Caesars-eldorado combo’s path to deal clears final hurdle
The New Jersey Casino Control Commission on Friday approved Eldorado Resorts Inc.’s $17.3 billion acquisition of Caesars Entertainment Corp., the last regulatory approval needed before the deal can close.
The deal will result in the formation of the largest gaming company in the
United States.
The New Jersey commission’s approval, in a 2-0 vote, came after more than 11 hours of testimony and deliberations over three days.
“I found their testimony to be forthright in my view,” Commission Chairman James Plousis said in deliberations leading up to the vote. “The petitioners have been honest about the challenges that lie ahead. They have made commitments to restore the proud history of the properties they would acquire, and they’ve acknowledged the
importance of Atlantic City to their success.”
Commissioner Alisa Cooper said she was moved by Eldorado officials’ statements that they believe in the Atlantic City market.
“Anyone on any company that believes in Atlantic City gets my attention,” she said. “It’s believing, it’s creating, it’s initiating, it’s developing, it’s putting everything together. I truly believe that Eldorado should be given the opportunity to be a part of the Atlantic City gaming industry. I look forward to their success.”
Announced over a year ago, in June, the deal required approval from shareholders, the Federal
Trade Commission and regulatory bodies from the 16 states, including Nevada, in which the merged company will operate in order for it to close.
Company officials haven’t addressed the media about what happens next and when.
Two petitions rejected
During Thursday’s session, commissioners received a petition from Hard Rock Atlantic City and Ocean Casino Resort seeking to intervene with their own testimony on the deal.

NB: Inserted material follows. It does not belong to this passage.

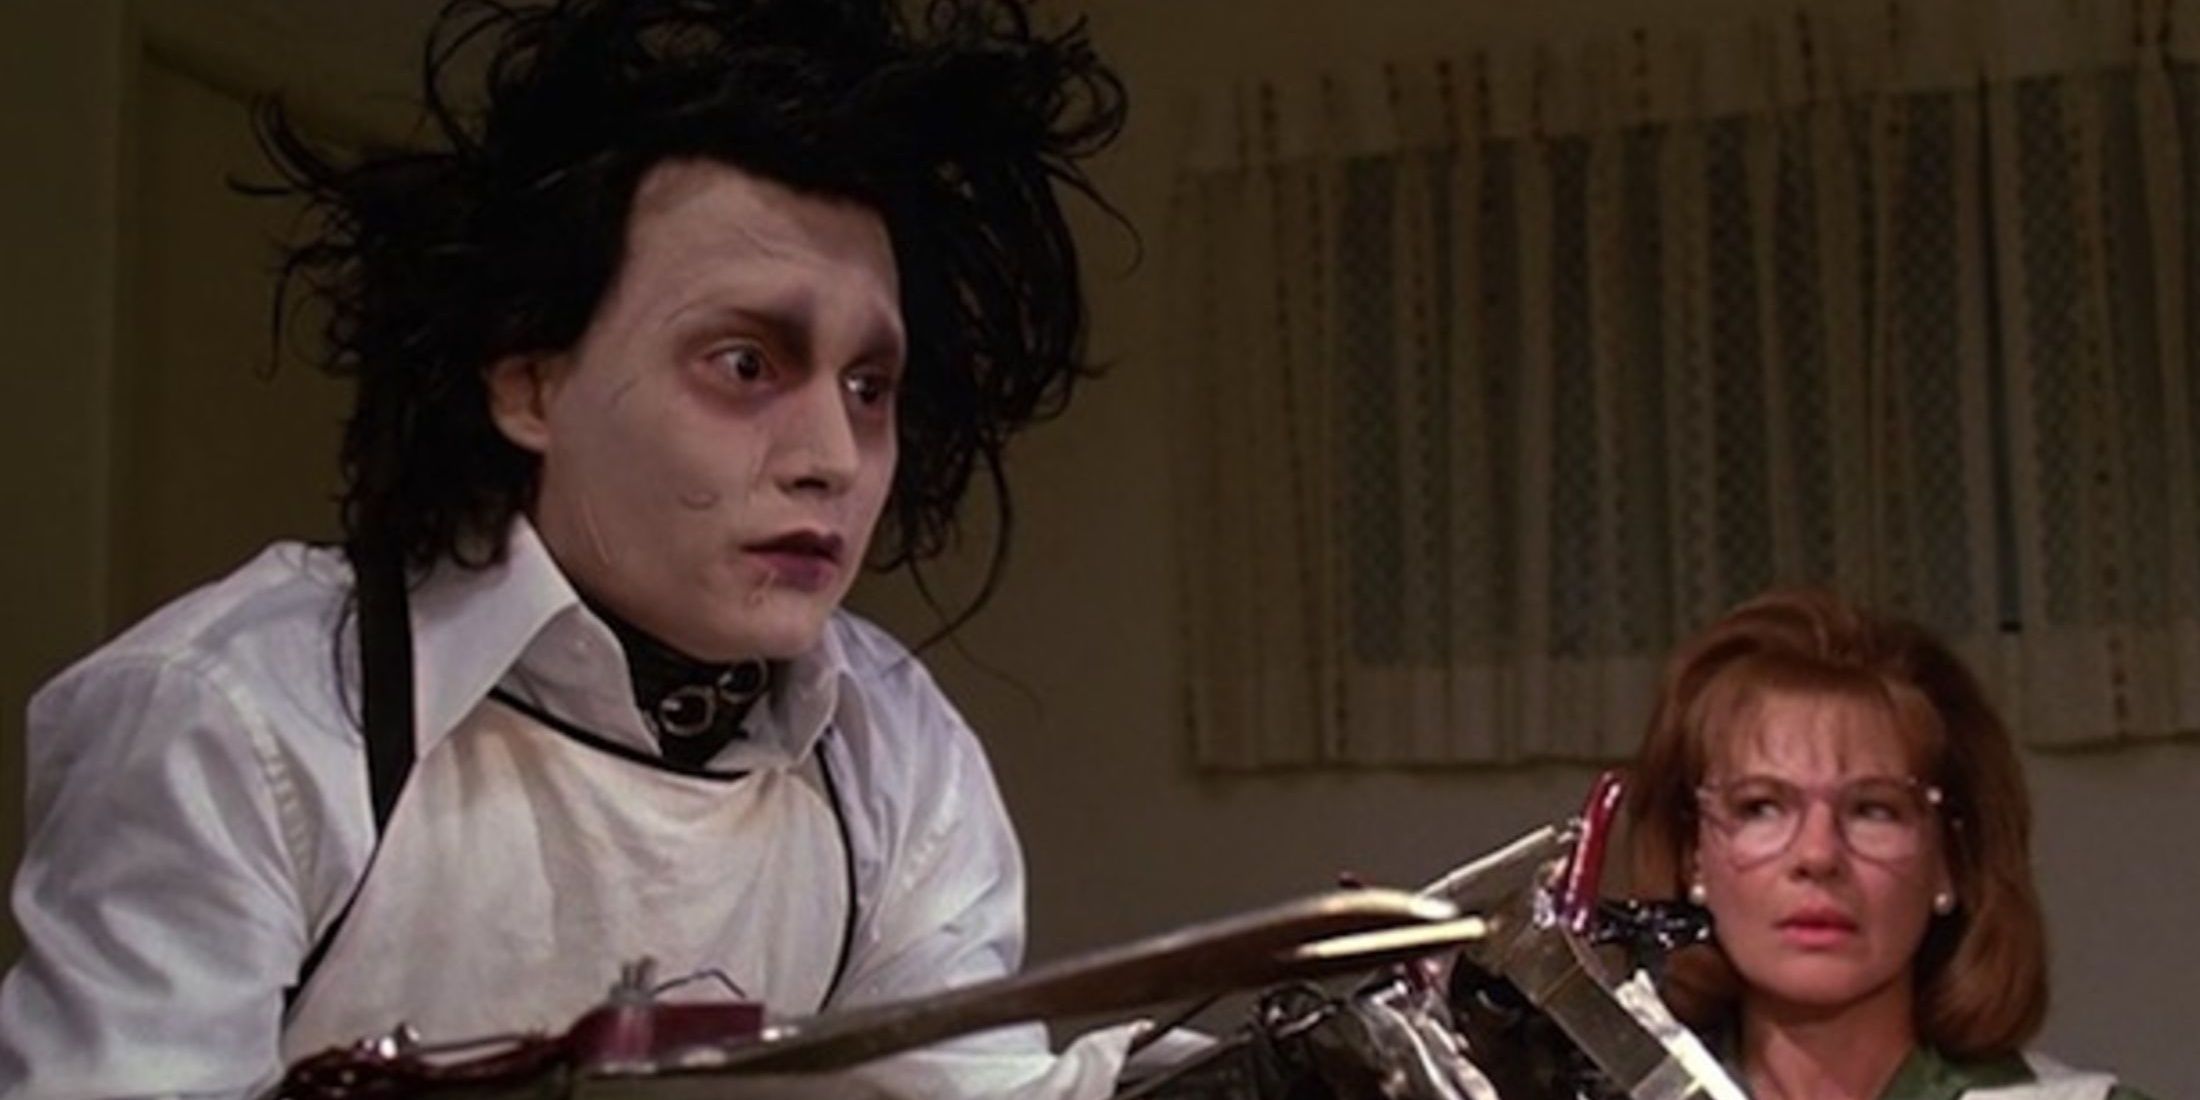 Johnny Depp as Edward Scissorhands

Late Thursday, commissioners rejected the petitions.
In Thursday’s testimony, commissioners questioned two economists about whether the deal would give the new company a competitive advantage because of the concentration of casinos in Atlantic City.

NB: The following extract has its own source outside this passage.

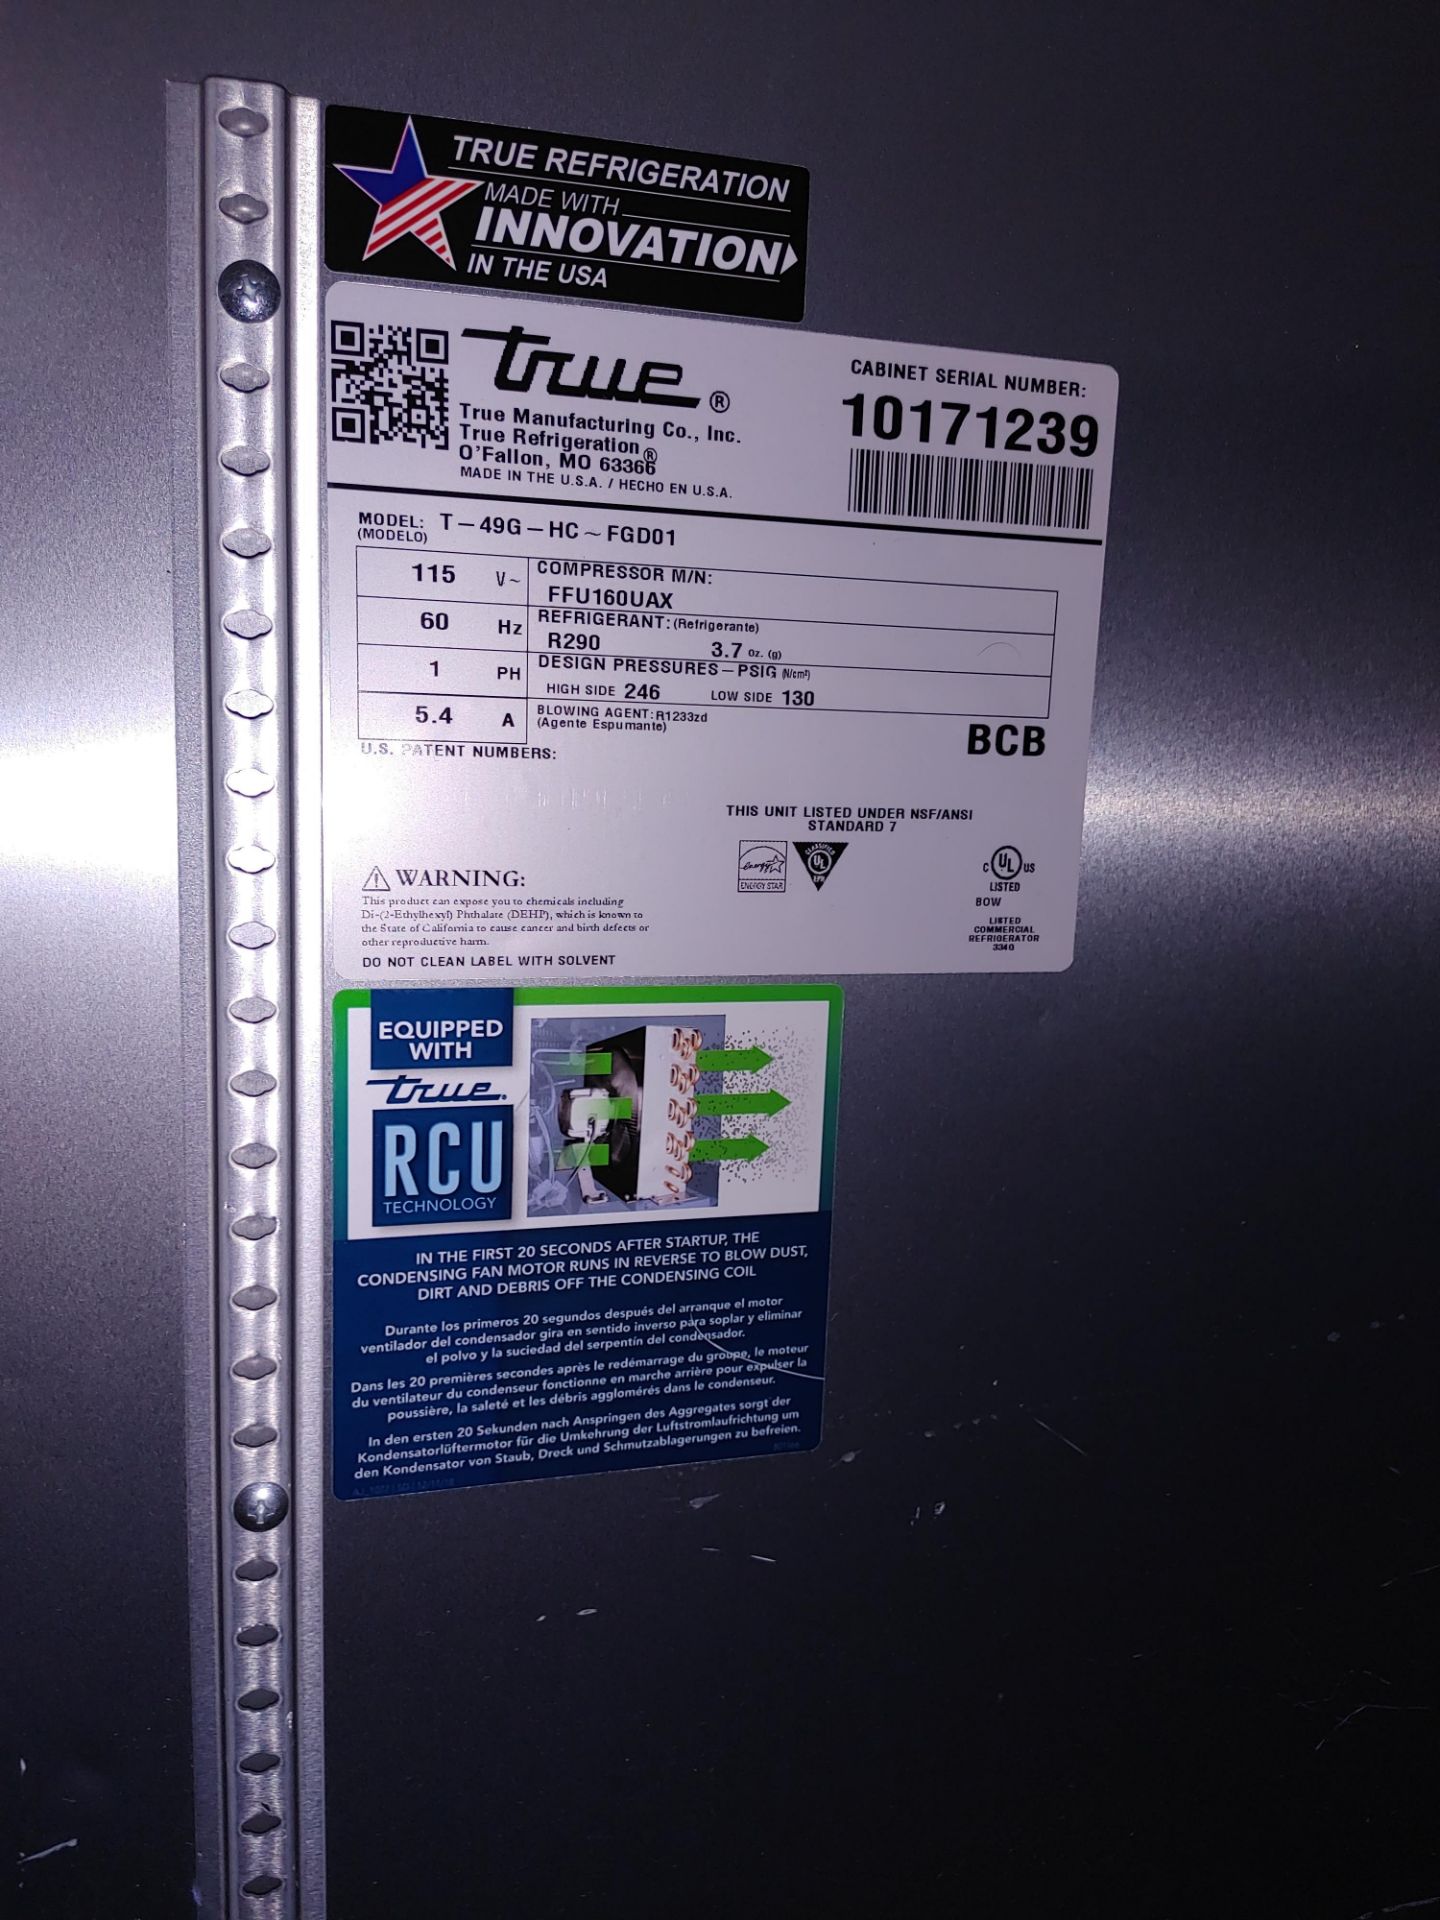 True "T-49G-HC-FGD01" 2 Door Glass Front Refrigerator S/N 10171239 - Image 2 of 2

Eldorado already operated the Tropicana Atlantic City, and with the acquisition, it will add Caesars Atlantic City and Harrah’s Resort at Atlantic City when the deal closes. Caesars already announced in April that it had planned to sell Bally’s Atlantic City to Twin Rivers Holdings LLC of Rhode Island for $25 million.

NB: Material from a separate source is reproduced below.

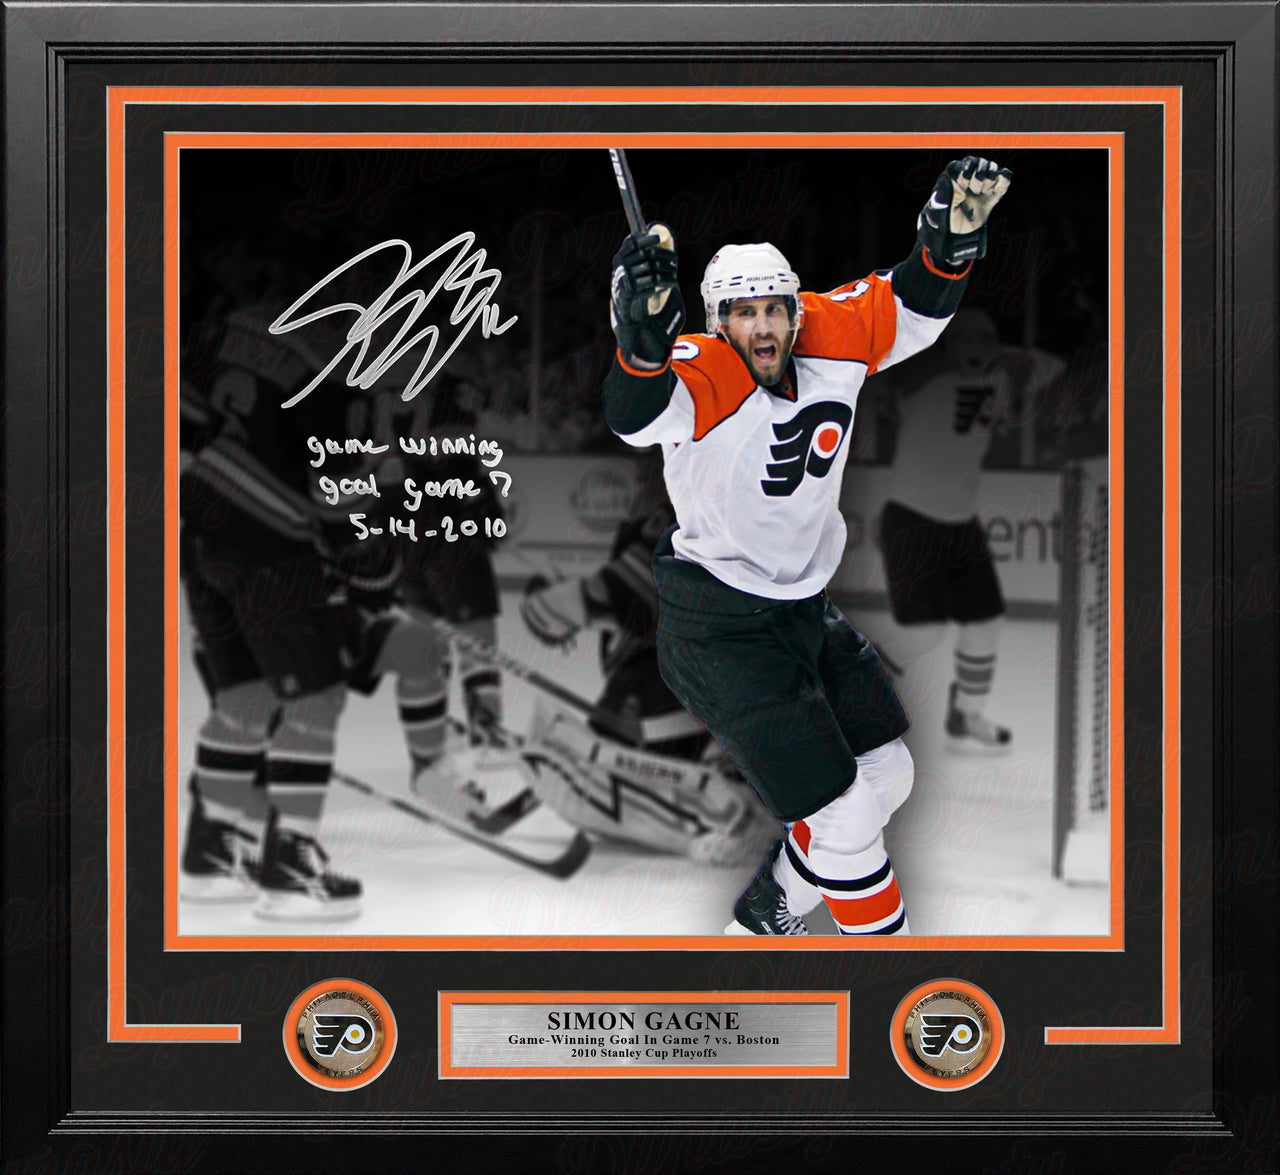 Simon Gagne Philadelphia Flyers Game-Winning Goal Autographed 16x20 Framed Photo w/ Date Inscription

Among the 40 conditions New Jersey regulators are requiring of Eldorado are $400 million in investments over three years. It also will be required to put $125 million into a trust account if the Bally’s deal fails to close on time. The company must assure no property closures for five years after the deal closes.
What’s next?
The real work begins after the deal closes, said Las Vegas-based Brendan Bussmann.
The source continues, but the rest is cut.